## WORK ORDER
Your task is to write out the entire listing exactly, omitting its pictures.

## GIVEN DATA
⁂
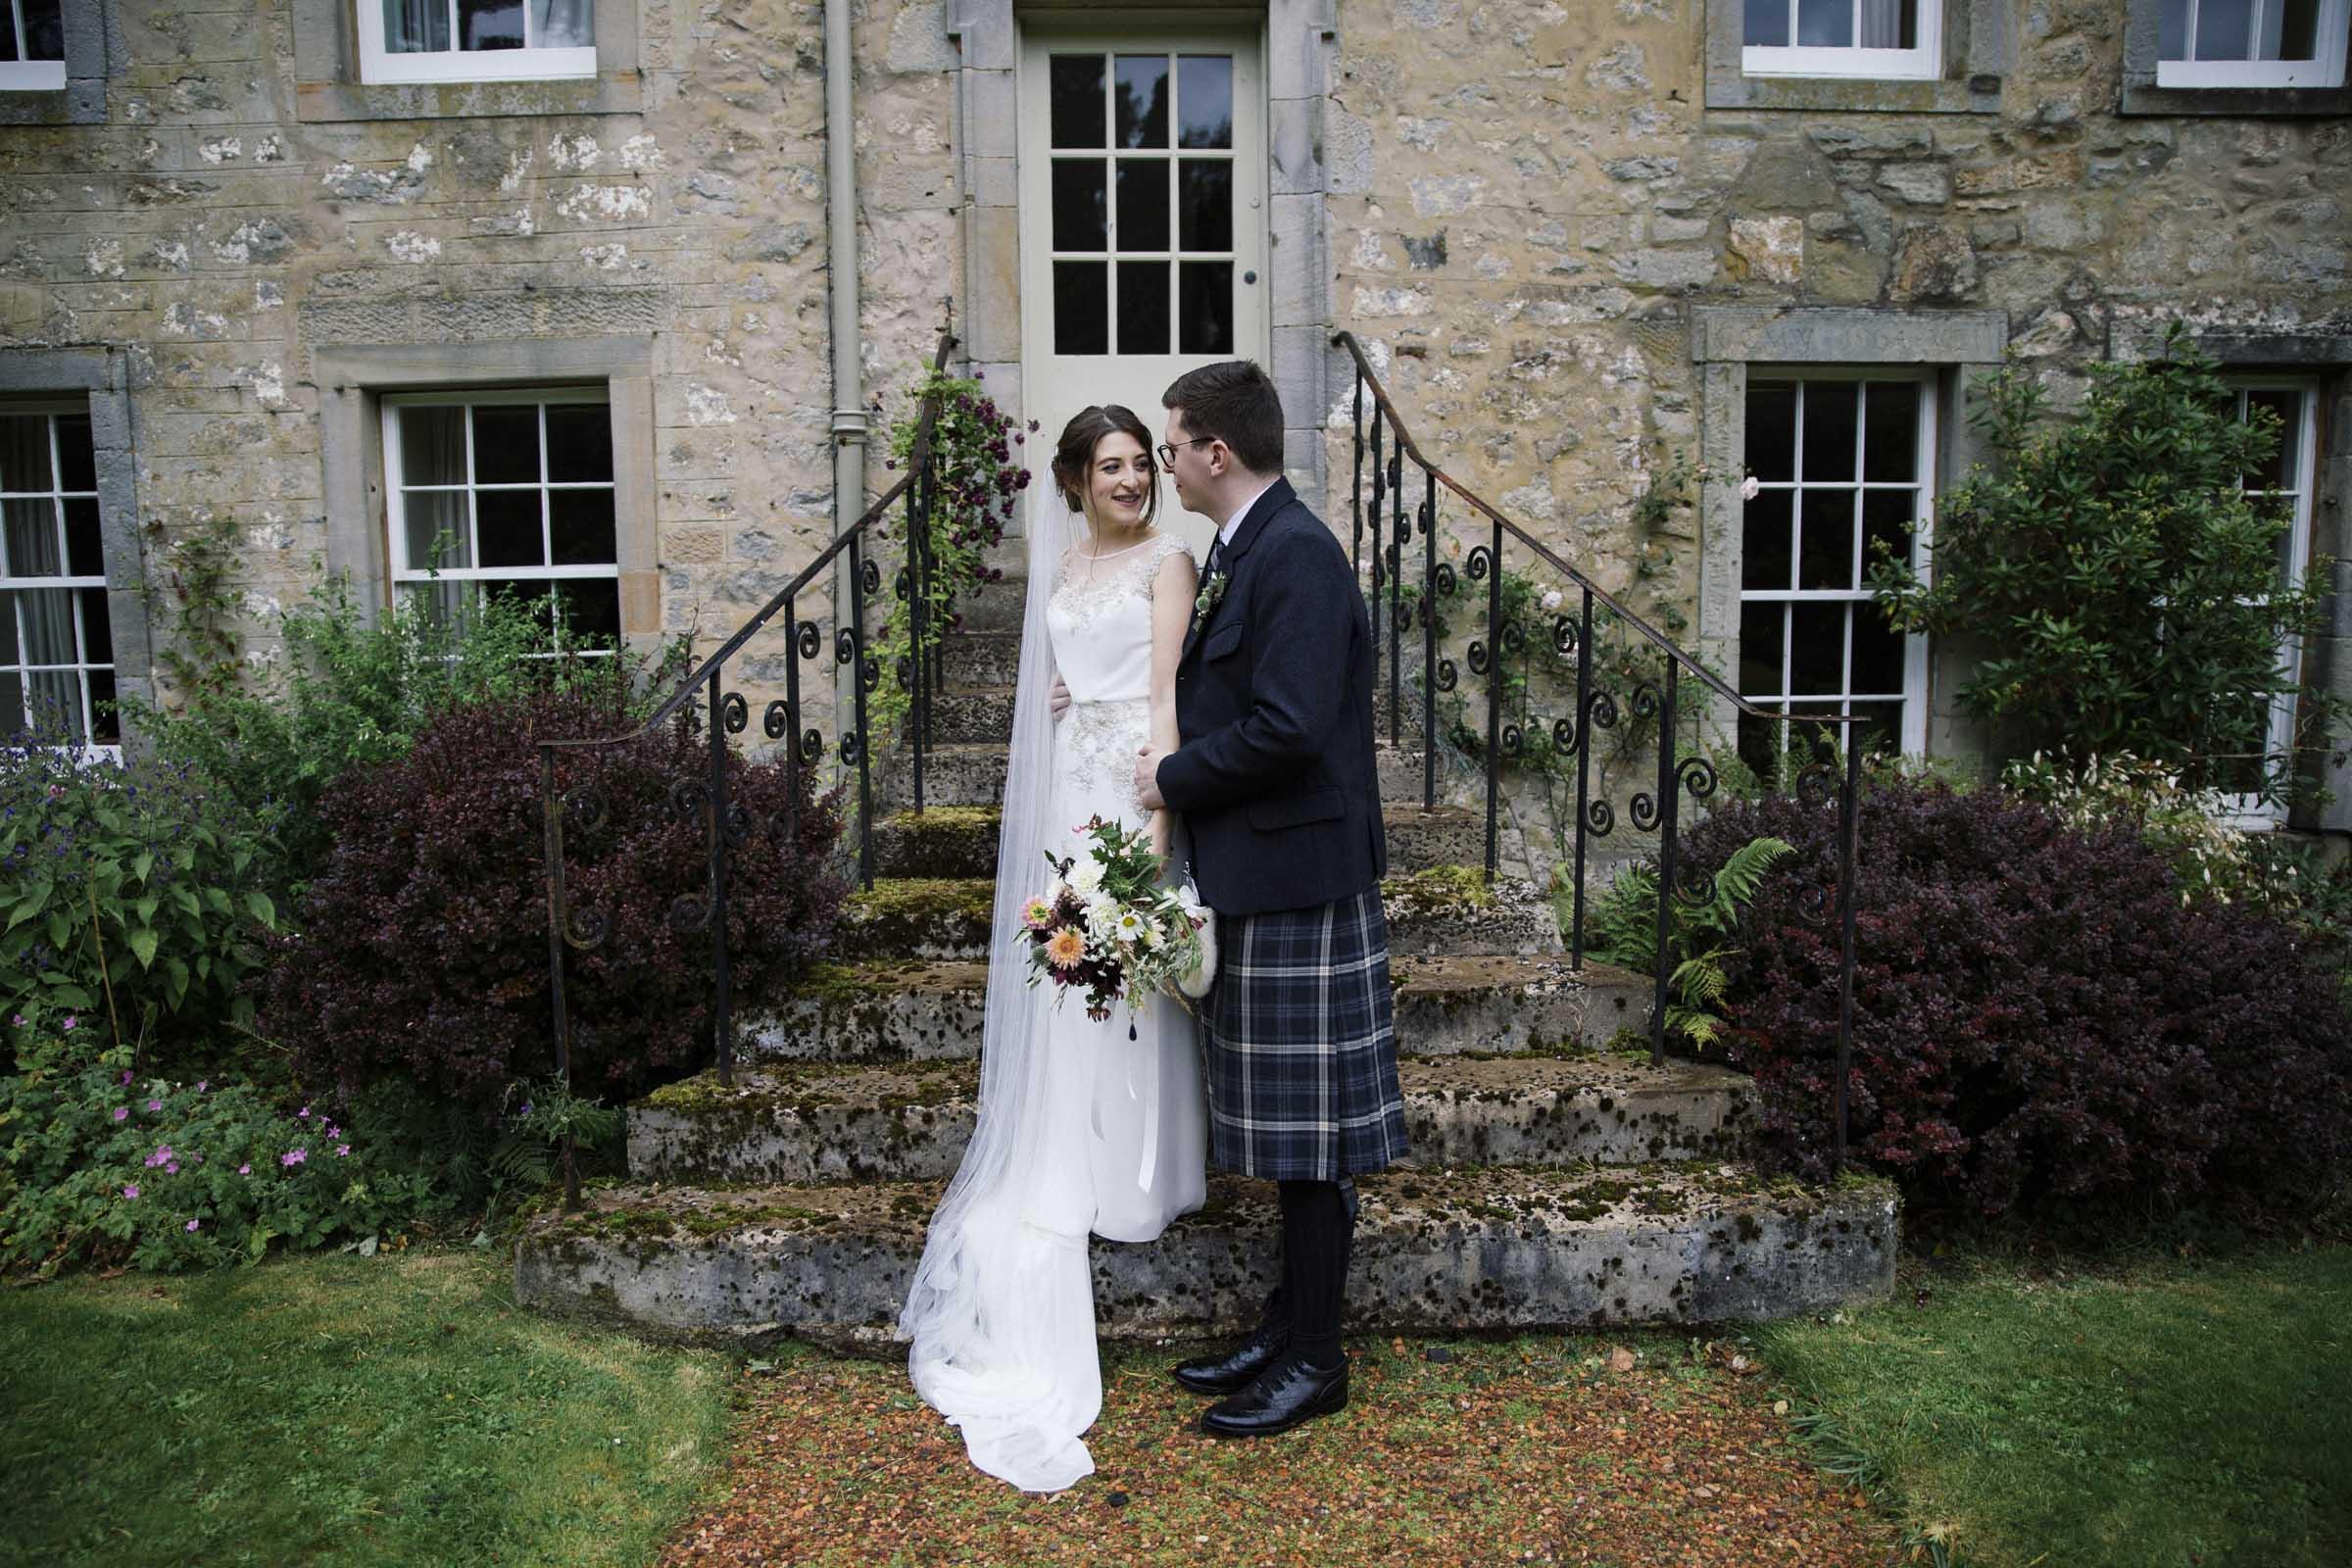 Scottish Wedding at Kirknewton Stables by Alternative Edinburgh Wedding Photographer - Ceranna Photography
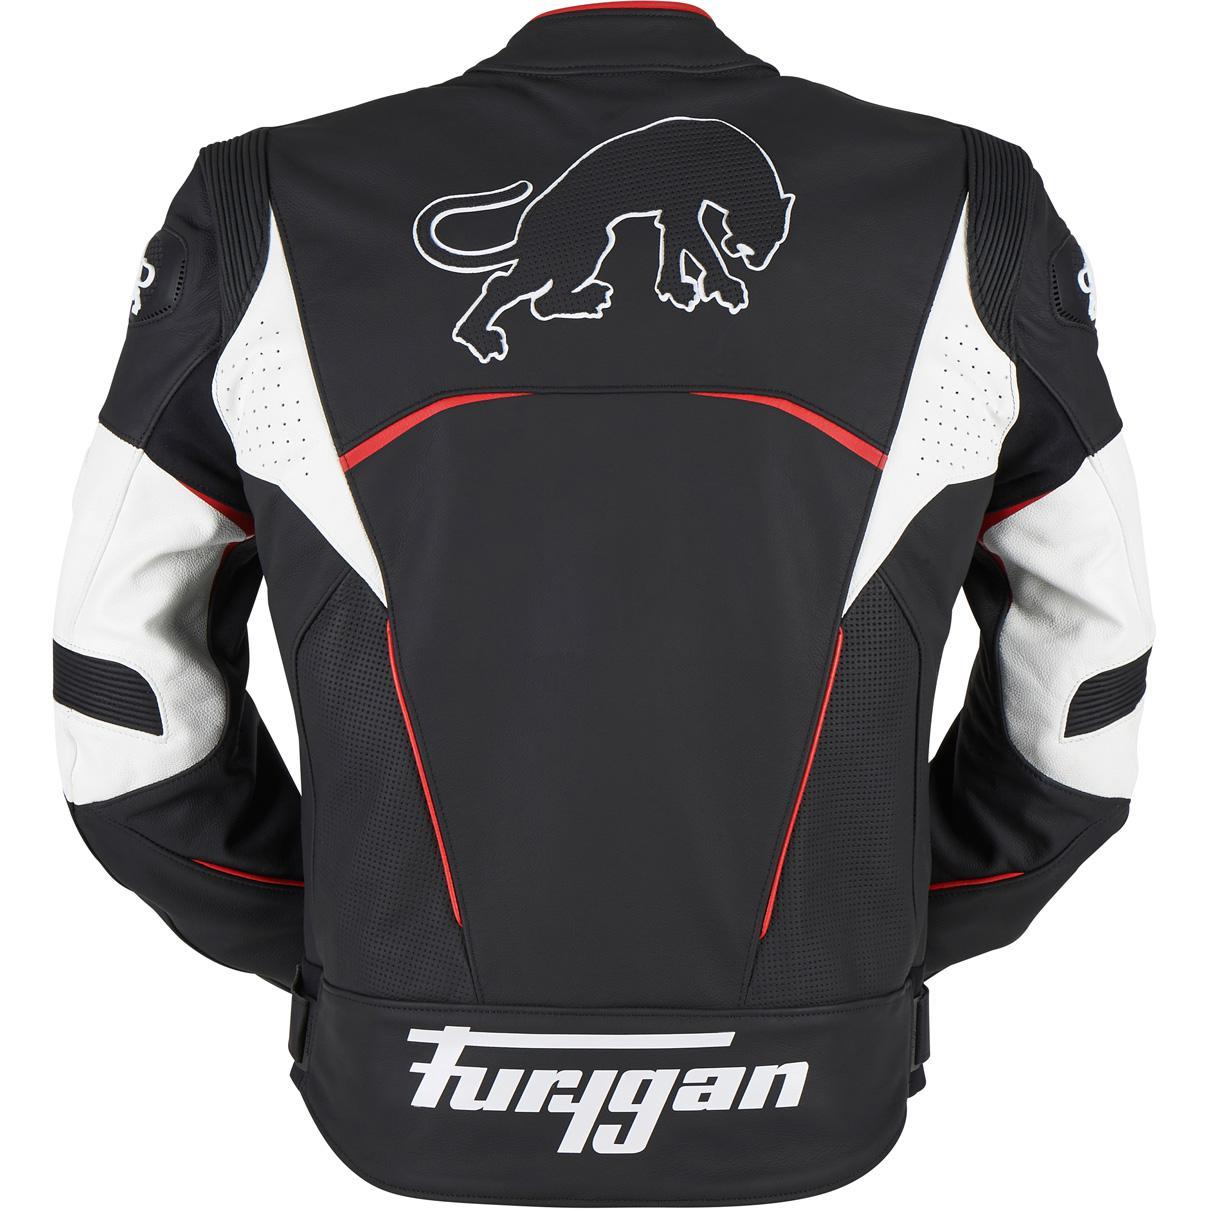 FURYGAN-blouson-ork-image-10685969
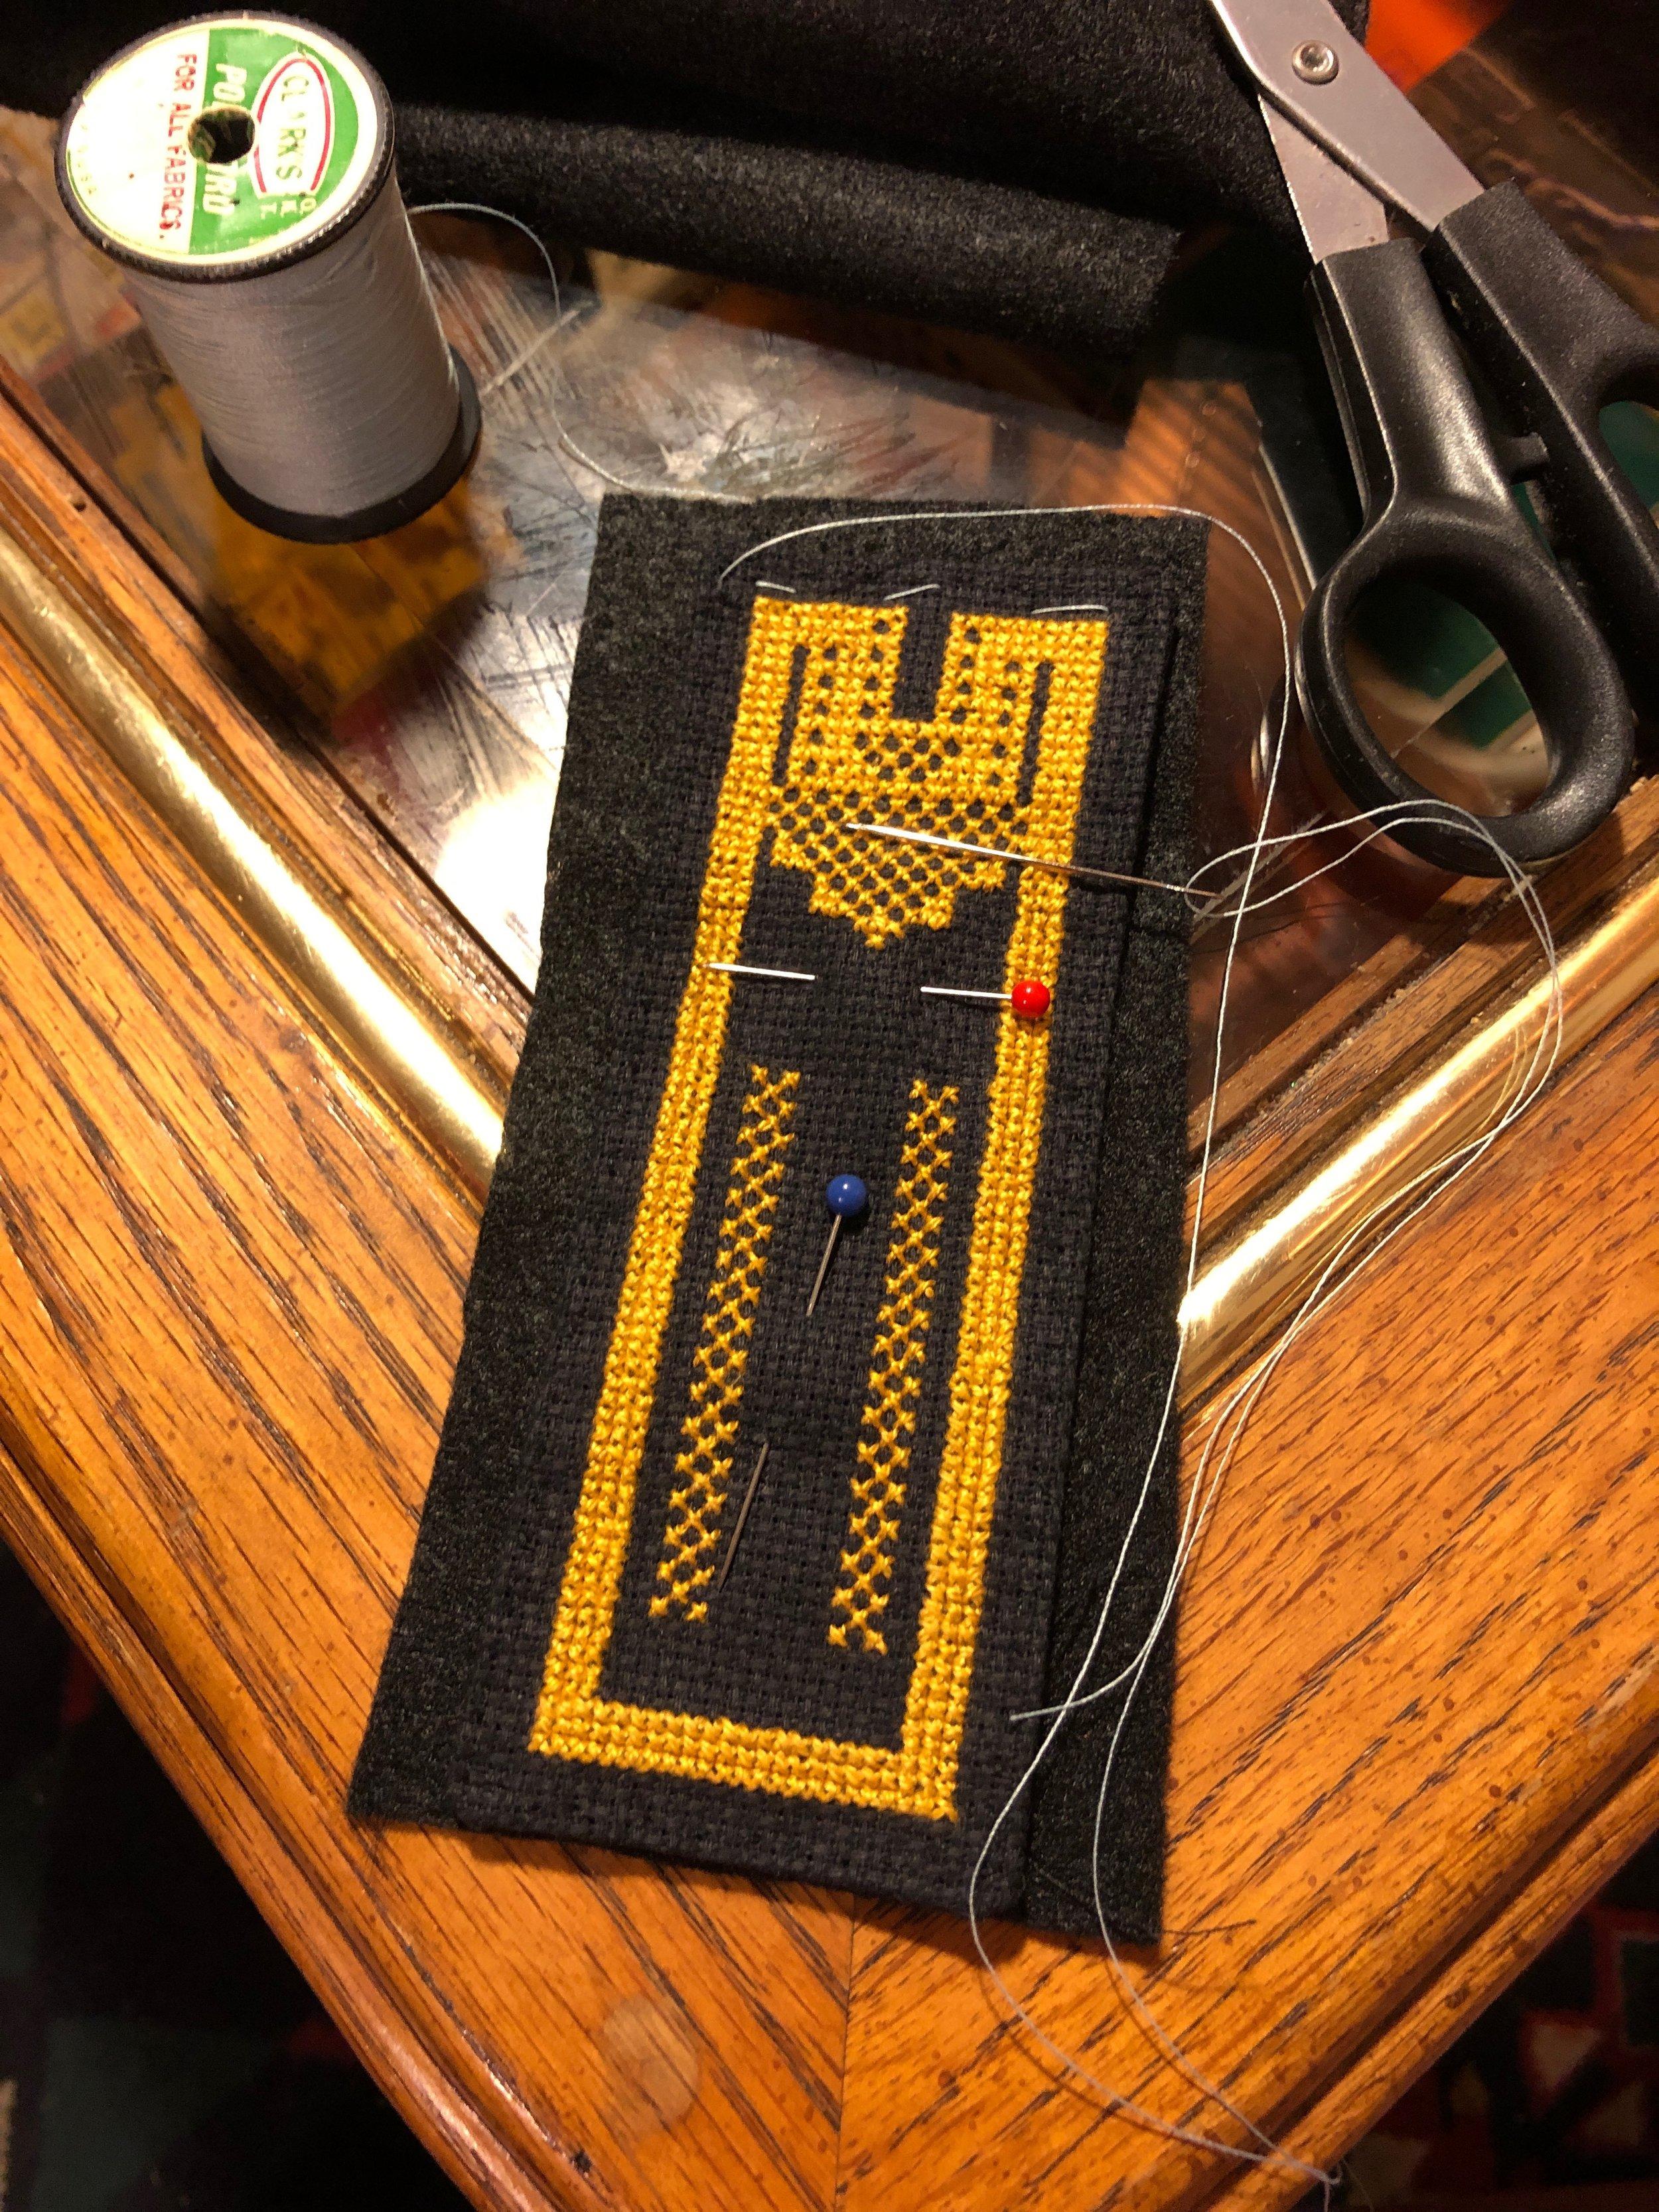 """Basting"" the uncut felt onto the Black aida cloth with white thread"
⁂
## OUTPUT
 Scottish Wedding at Kirknewton Stables by Alternative Edinburgh Wedding Photographer - Ceranna Photography
 FURYGAN-blouson-ork-image-10685969
 """Basting"" the uncut felt onto the Black aida cloth with white thread"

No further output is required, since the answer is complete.